• **Problem**
Nothing in the records should be changed in the copy, though the pictures must be left out.

• **The records**
^^^^^^^^^^^^^^^^

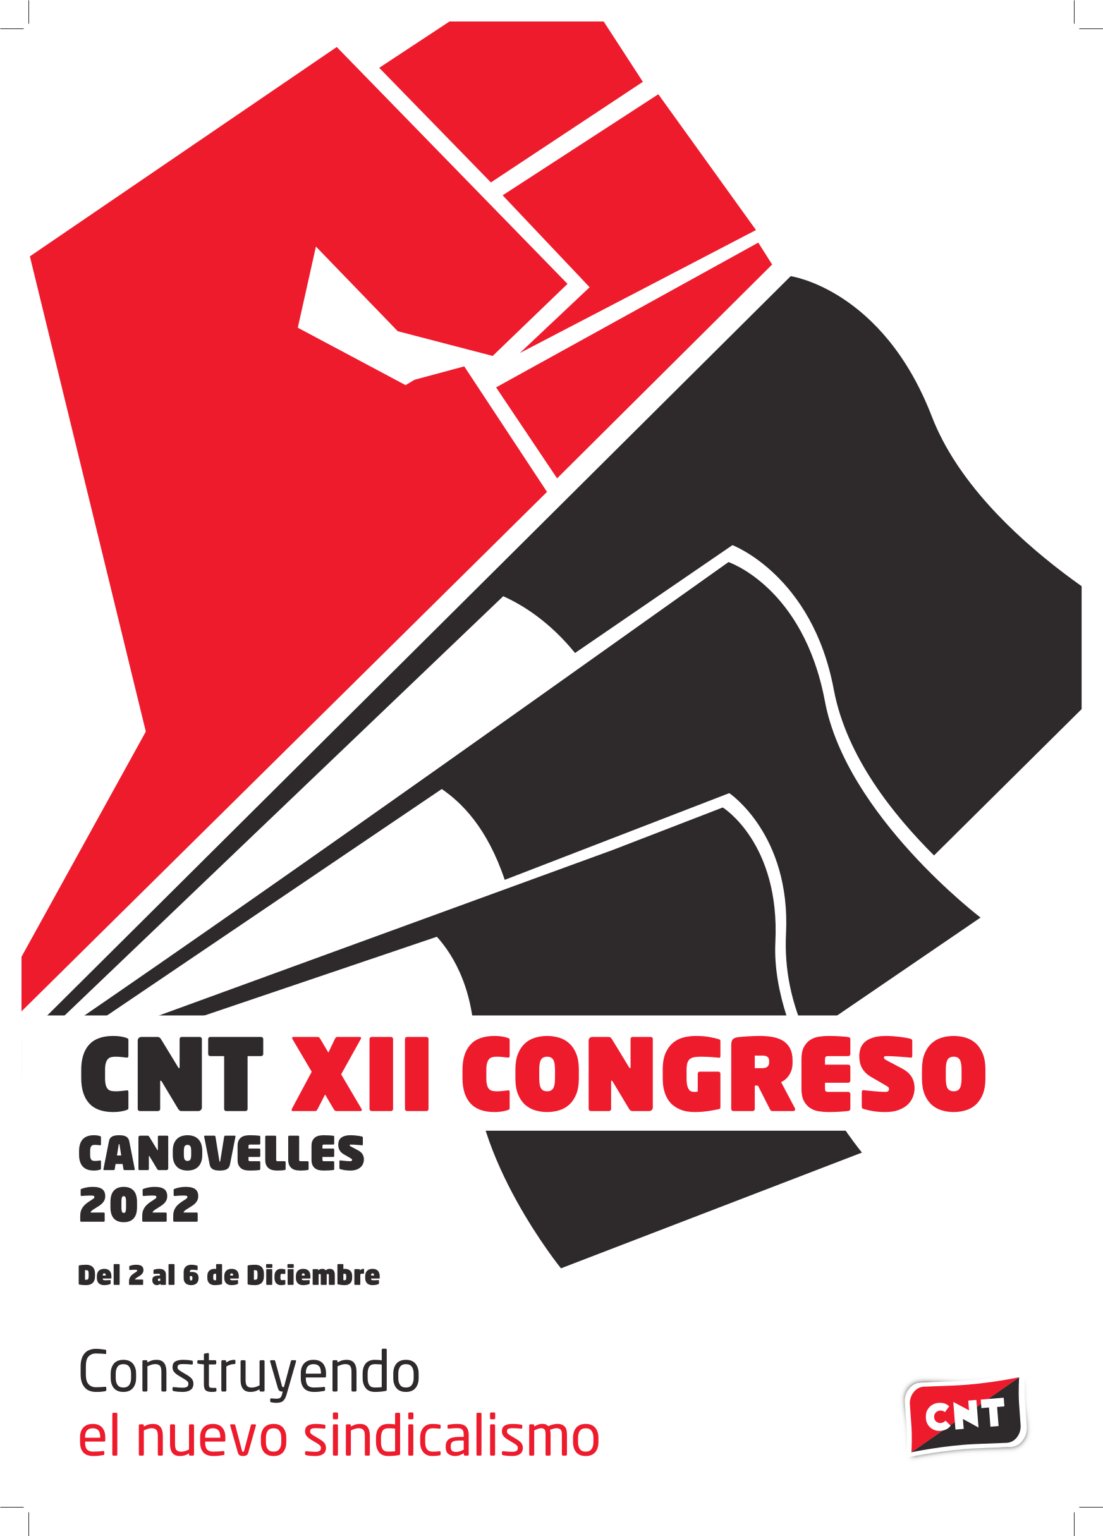 Cartel del Congreso Confederal.
Canovelles 2022.
Del 2 al 6 de Diciembre.
Construyendo el nuevo sindicalismo.
CNT

^^^^^^^^^^^^^^^^

• **Response below**
 Cartel del Congreso Confederal.
Canovelles 2022.
Del 2 al 6 de Diciembre.
Construyendo el nuevo sindicalismo.
CNT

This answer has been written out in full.